El motivo de hacerlo antes de fin de año es ahorrarse los 153 millones de euros que tendría que pagar Nuclenor en concepto de impuestos si la planta siguiera funcionando en 2013 tras la entrada en vigor de la Ley de Medidas Fiscales de Sostenibilidad Energética, aprobada este jueves en el Senado y que recibirá la próxima semana el refrendo definitivo en el Congreso. La nueva legislación pretende gravar la descarga final del núcleo tras el cese de actividad con 2.190 euros por kilogramo de elementos trasladados a la piscina de almacenamiento.

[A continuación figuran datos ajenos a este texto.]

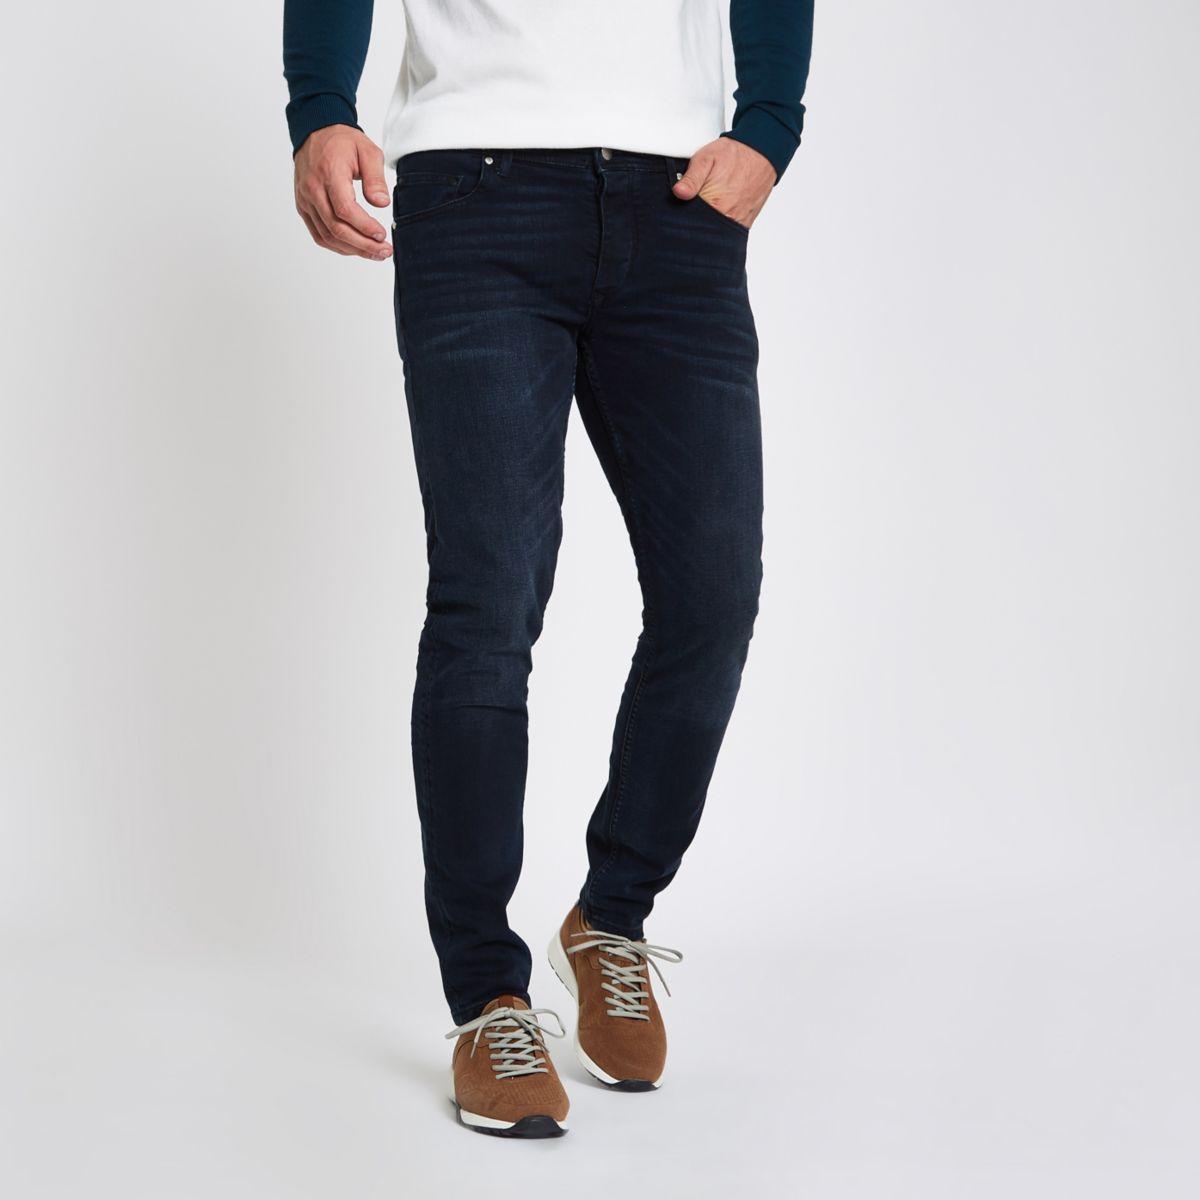 Dark blue skinny fit denim jeans

Ecologistas en Acción, ONG que ha pedido en numerosas ocasiones el cierre de la central, cree que Nuclenor sacrifica la planta de Garoña para luchar contra la reforma fiscal impulsada por el Gobierno. En este sentido, consideran que en este pulso ha sido 'clave' el temor a una posible avería que provoque una parada larga de la central que impida la amortización de las inversiones.

Estos 153 millones adicionales, según la empresa, 'incrementarían las actuales pérdidas económicas hasta el punto de llevar a Nuclenor a entrar en causa de disolución y en situación concursal'. La medida acordada, que ha sido notificada al Consejo de Seguridad Nuclear (CSN) y ratificada por la Junta General de la Sociedad, pretende evitar la aplicación de estos impuestos 'de cara a garantizar que la sociedad pueda seguir respondiendo de sus obligaciones ante sus trabajadores y proveedores', ha explicado Nuclenor.

En todo caso, la compañía ha precisado que el cierre definitivo antes del 31 de diciembre podría 'revertirse' en caso de que la ley finalmente no fuera promulgada o lo fuera en términos diferentes a los actuales. La compañía tiene autorización para operar hasta julio de 2013.

A la Junta de Castilla y León no le gusta que Nuclenor haya adelantado el cierre de la central. El consejero de Economía y Empleo castellanoleonés, Tomás Villanueva, ha asegurado 'no comprender' y 'rechazar' esta decisión y ha pedido al Ministerio de Industria y a la empresa nuclear diálogo para avanzar en posibles márgenes en la fiscalidad.